Tracking Customer Success, Not Just User Activity Image

Tracking Customer Success, Not Just User Activity

There’s an awful lot of talk these days in the Customer Success community about tracking.  Tracking activities.  Tracking product usage.  Tracking customer engagement.  Tracking survey scores.  Tracking, tracking, tracking.  Not that there’s anything wrong with that.  Customer Success is dependent on data, which obviously needs to be tracked, gathered, and turned into information.  I don’t think anyone argues with that general approach.  What I’d like to argue in this post is that we may be too focused on tracking activities and not focused enough on tracking real success.

What does it mean to track Customer Success?

This, of course, leads to the question – “What does it mean to track success?”  For most software applications, there is a clear answer to that question.  It lies in the ROI calculation.  Let’s explore a simple example to illuminate this point.   Say we have created a financial application that produces critical month-end reports and that each report, when done manually, takes two hours to complete.  But, with our application, it’s a simple push of a button.  So, in this oversimplified scenario, every time the “Create Report” button is clicked, two hours of effort are saved.

In the current noise of Customer Success applications, and arguments, the discussion about this application would most likely be about whether clicking the “Create Report” button is sticky, whether it’s a leading or lagging indicator, and whether it is a predictor of churn.  Instead, it seems that we could look at this in a much simpler way and report on it accordingly.

Tying Activity to Customer Success

How about if the number of times the button is clicked is simply logged and a calculator multiplies those clicks by $300 to yield a “money saved” result?  Wouldn’t this be much more valuable and powerful than simply tracking the number of times the button is pushed, what the trend of pushing the button is, whether the power user pushed the button, or whether the last 10 customers who churned ever pushed the button?
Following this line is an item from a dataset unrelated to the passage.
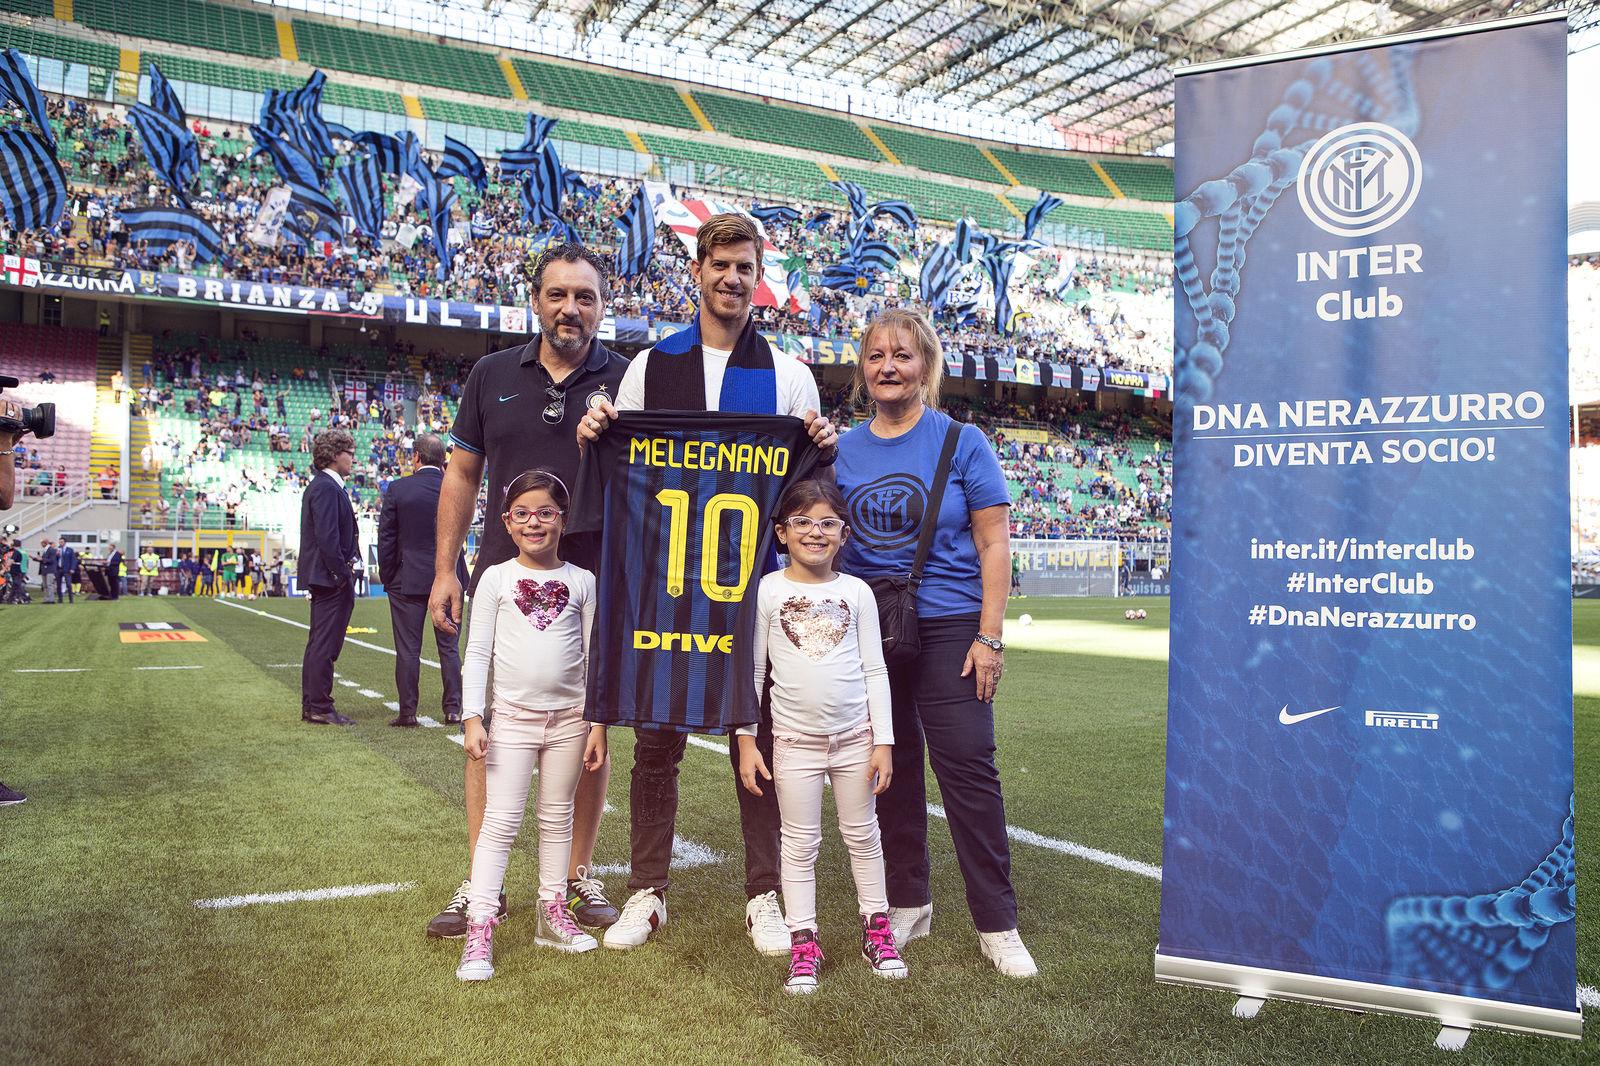 Ansaldi premia gli Inter Club di Ungheria e Melegnano

True, that’s a primitive example but the point is obvious, isn’t it?  If we’re building applications that truly have an ROI associated with effectively using them, we should be able to track and report on that level of success in some way.  And a good Customer Success application should help with that process.  In a high-touch world where a CSM is doing quarterly business reviews and discussing actual success with each customer regularly, the ability to show actual ROI quarter to quarter is the ultimate dream.  Even in a low-touch scenario, you should be able to automate the reporting of success back to the customer through email campaigns or in-app reporting.  Nothing would reduce churn more than proving the ROI of your application to each customer in an agreed-to and repeatable way.

Tying ROI to Customer Success

Now obviously I’ve painted an ideal picture and we live in a distinctly less-than-ideal world.  But, virtually every application does have an ROI calculation that is part of the Sales conversation.  And those ROI calculators are not at all effective unless the prospect has agreed to the underlying assumptions.  The same process can then be used post-sale, to prove the ROI.  In our financial application example, we’d need to sit down with the customer and confirm that they would indeed save two hours every time a user creates one of those reports.  If that was their assumption when they bought our app, it’s highly likely they’ll agree to it as a measurement going forward. 

It’s important to remember that our buyer, and/or our key users, wants to be able to prove the ROI of our app just as much as we do.  Anything less will make the purchase look like a bad decision.  In addition to putting our renewal at risk, it may very well put our champion at risk, too.  This is why I think we’ll find our customers quite open to having this conversation and helping us prove our application’s value.

Tracking Customer Success Includes Tracking User Activity

So, let’s take them up on this challenge and start tracking success, not just activities.  The more we do this, the fewer questions there will be about the value of our application and the overall value of Customer Success applications.  Think about the potential power of your solution if your Product team is seriously considering the trackable ROI of every feature they build.  It’s the existence, and proven functional value of Customer Success applications that will make this dream a reality.  Today, this is what is driving the increased instrumentation in many applications.  Tomorrow, perhaps that instrumentation will be more focused on true success, not just activity reporting.  That will be a win-win proposition.